In the listing below, find the line containing "Schmincke Designers' Gouache" and the line containing "Love white pumpkins!", then copy exactly everything from the first through the second, except the pictures.

Stored data: Begin

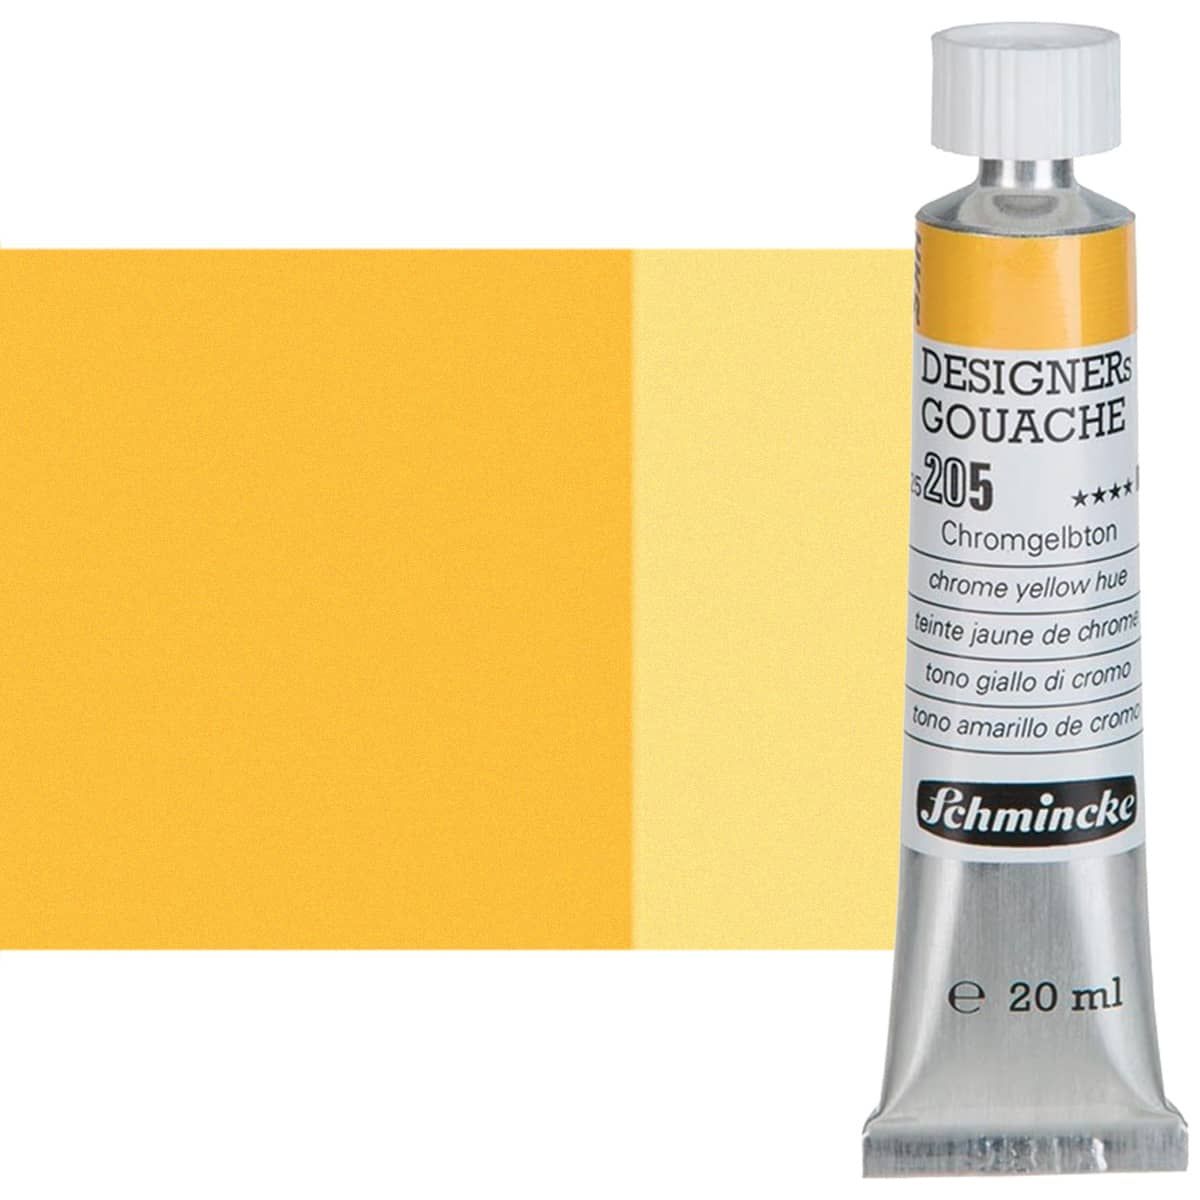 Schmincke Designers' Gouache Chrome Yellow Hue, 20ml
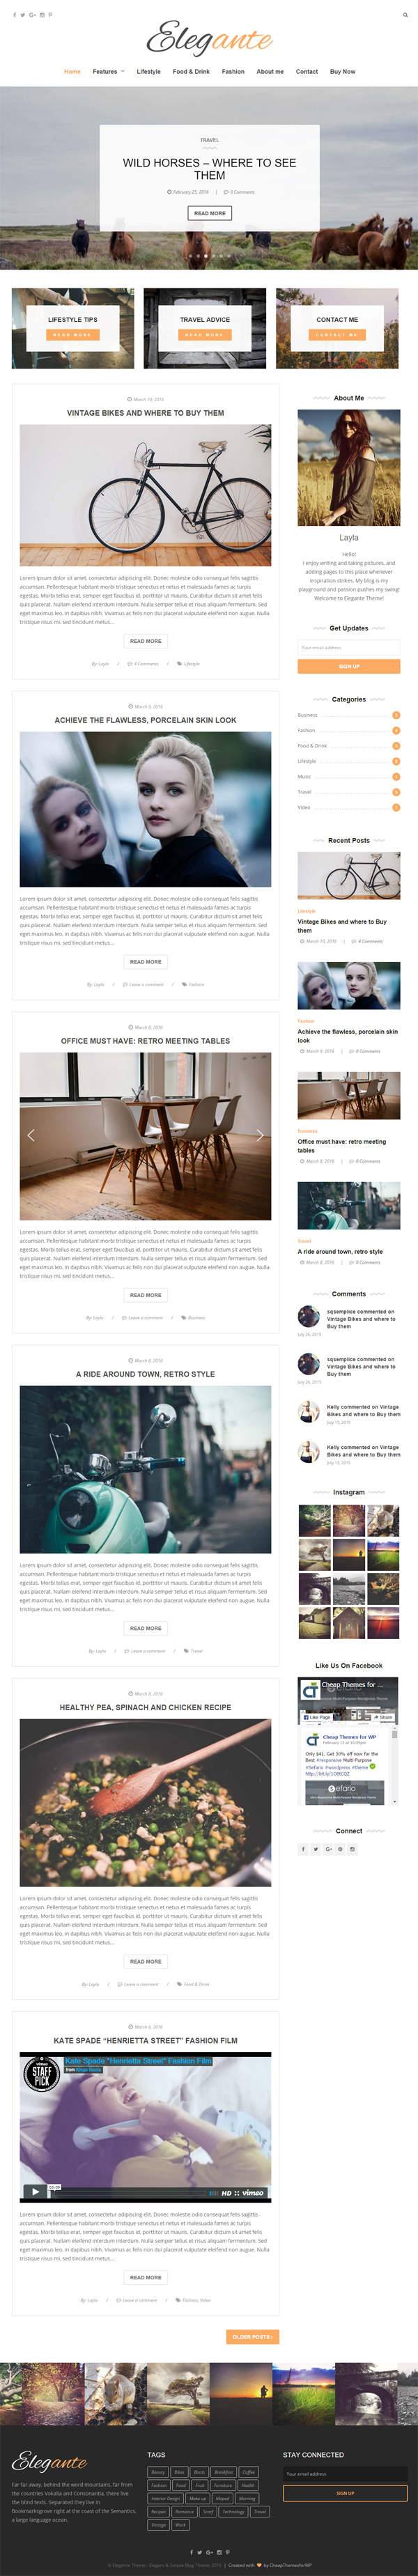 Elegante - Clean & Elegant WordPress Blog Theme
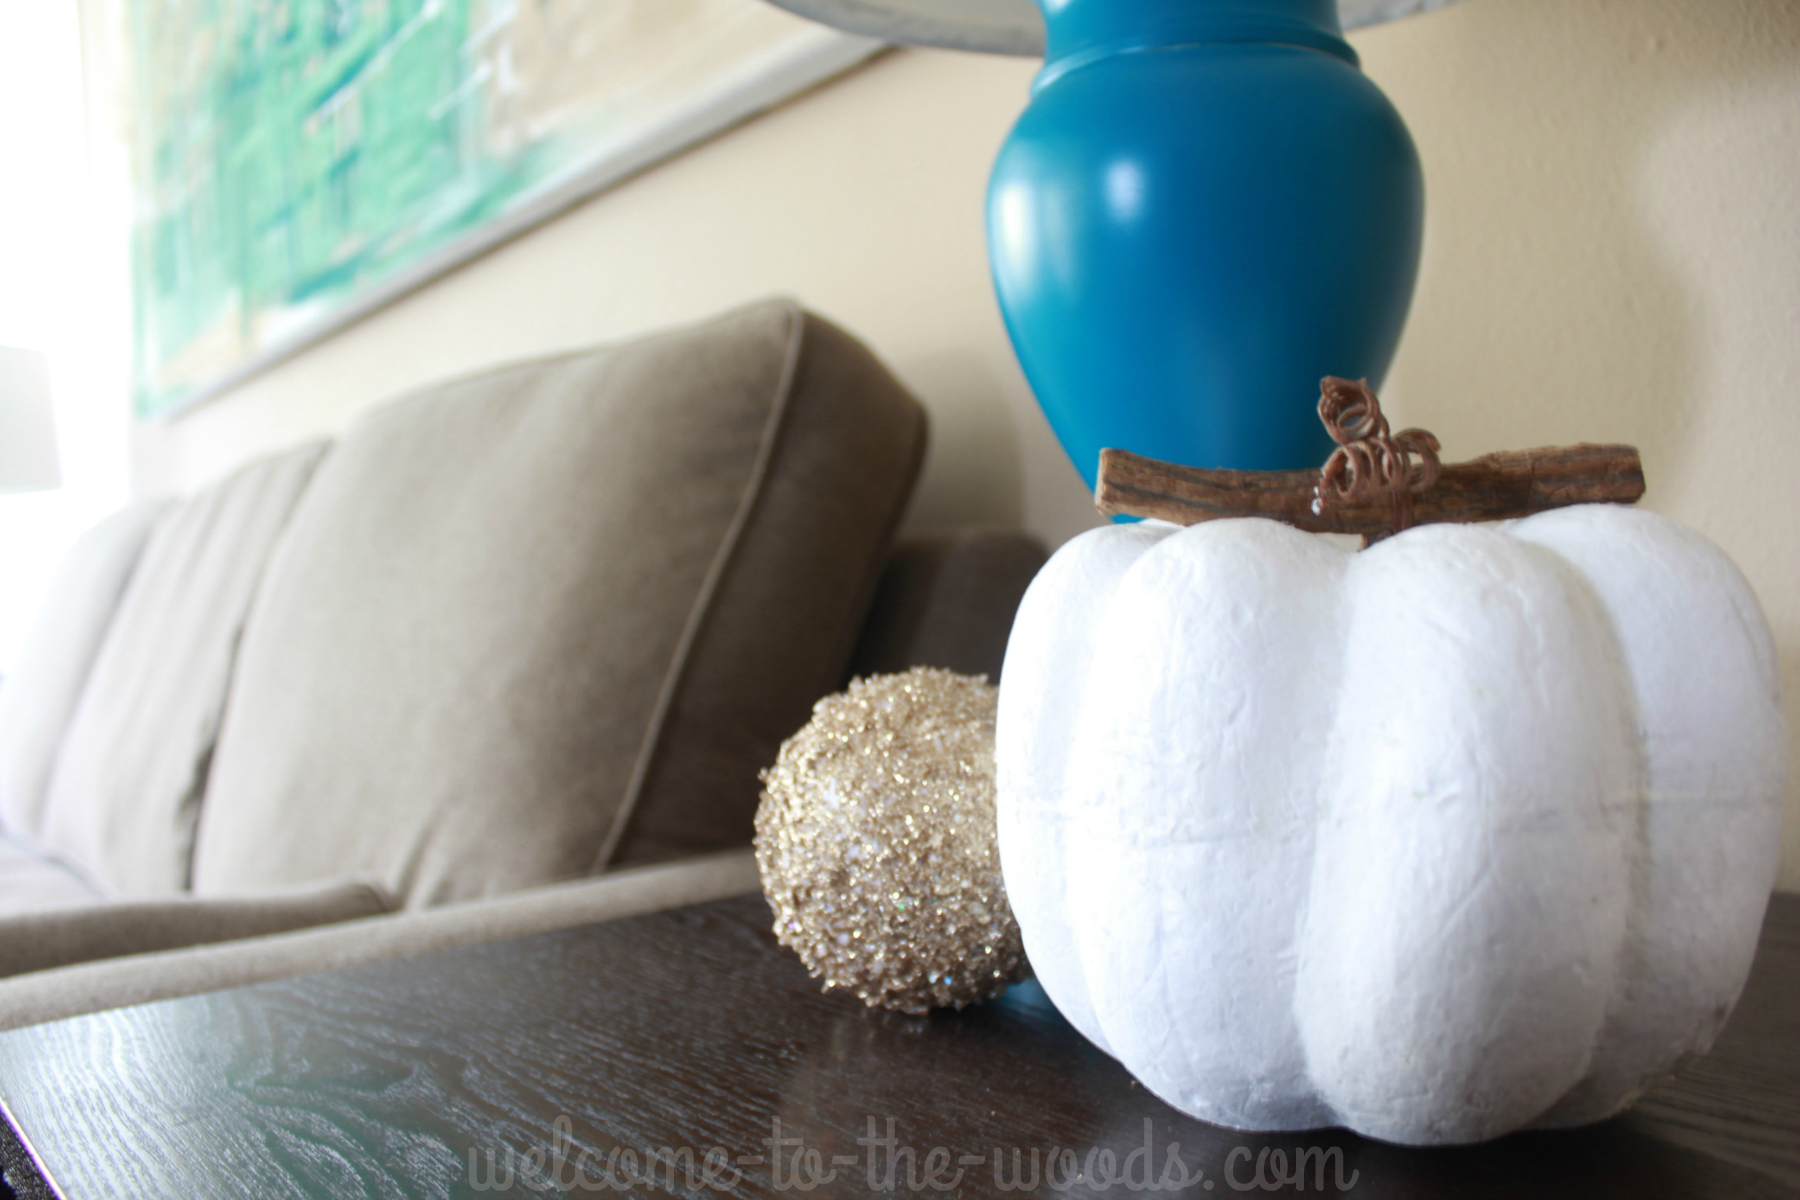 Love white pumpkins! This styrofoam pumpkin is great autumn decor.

Stored data: End
Stored data: Begin

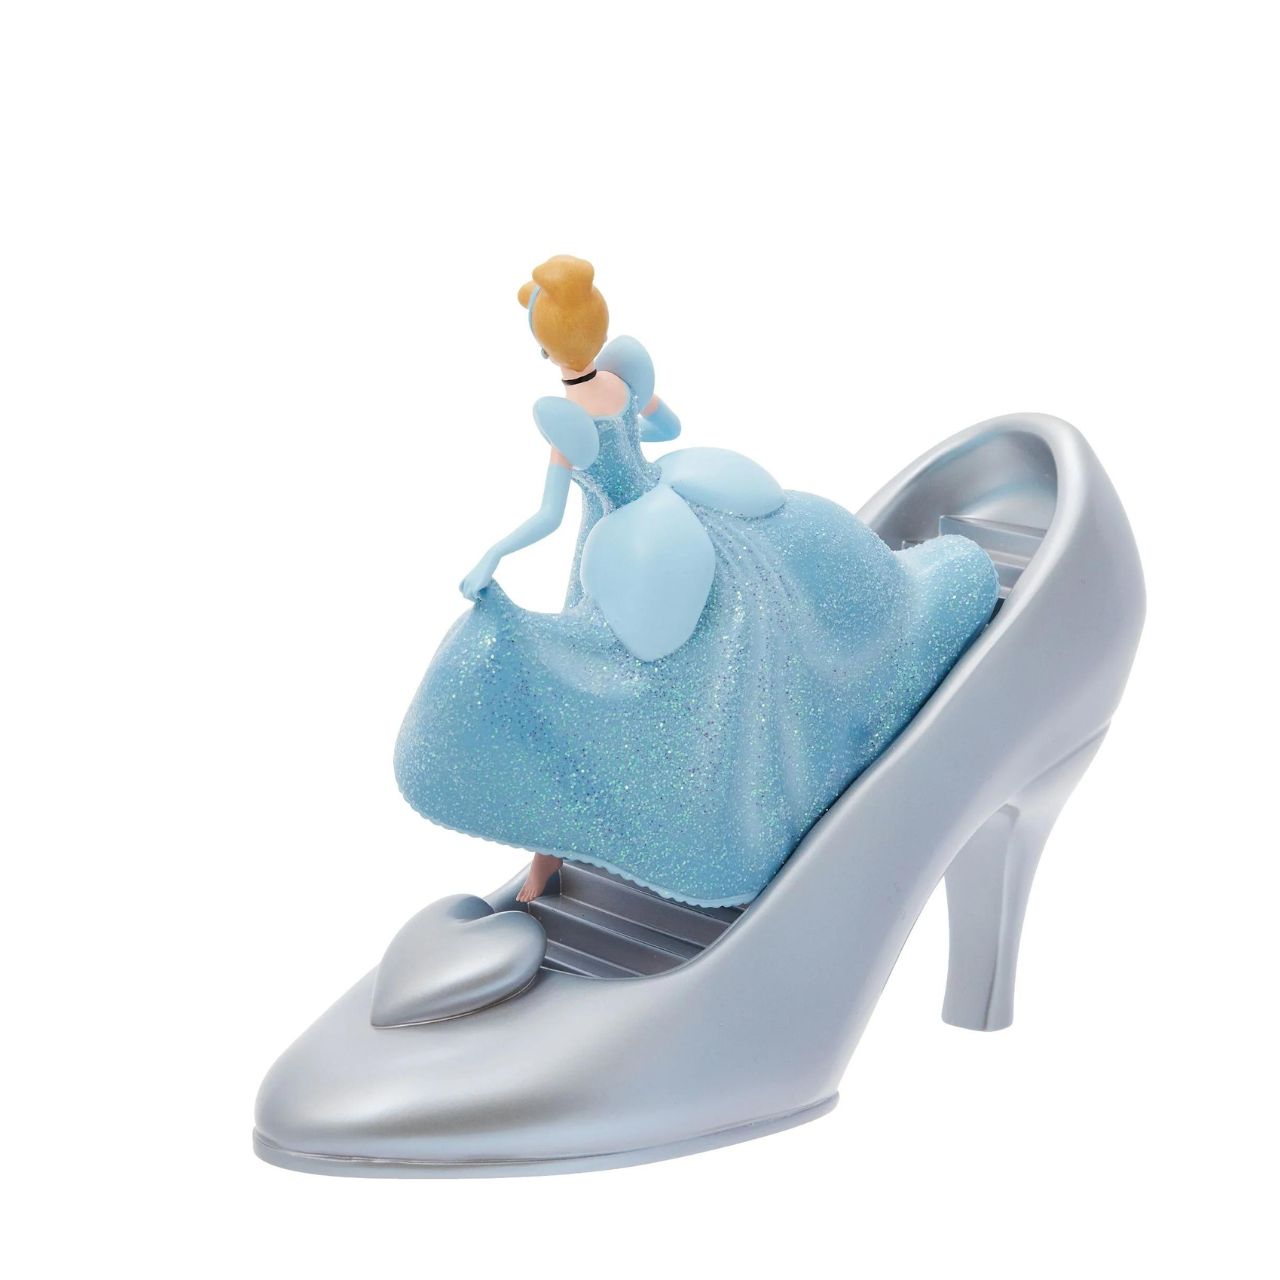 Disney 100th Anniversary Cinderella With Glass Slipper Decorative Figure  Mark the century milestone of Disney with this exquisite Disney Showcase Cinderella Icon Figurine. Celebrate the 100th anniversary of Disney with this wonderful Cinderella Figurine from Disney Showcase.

Stored data: End
Stored data: Begin

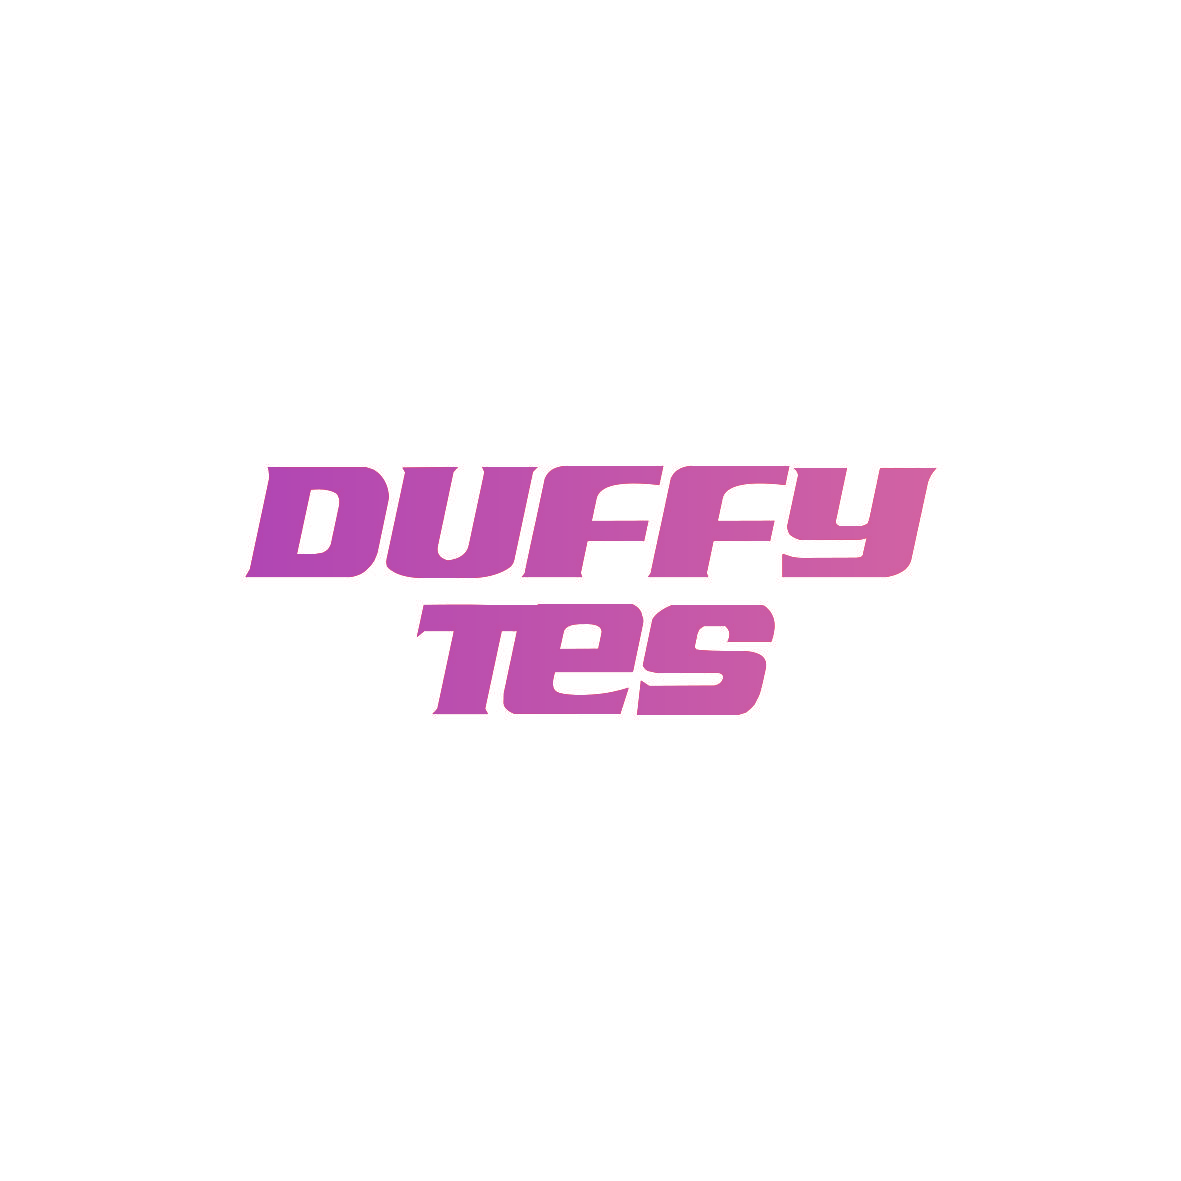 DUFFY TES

Stored data: End

Your response:
 Schmincke Designers' Gouache Chrome Yellow Hue, 20ml
 Elegante - Clean & Elegant WordPress Blog Theme
 Love white pumpkins! This styrofoam pumpkin is great autumn decor.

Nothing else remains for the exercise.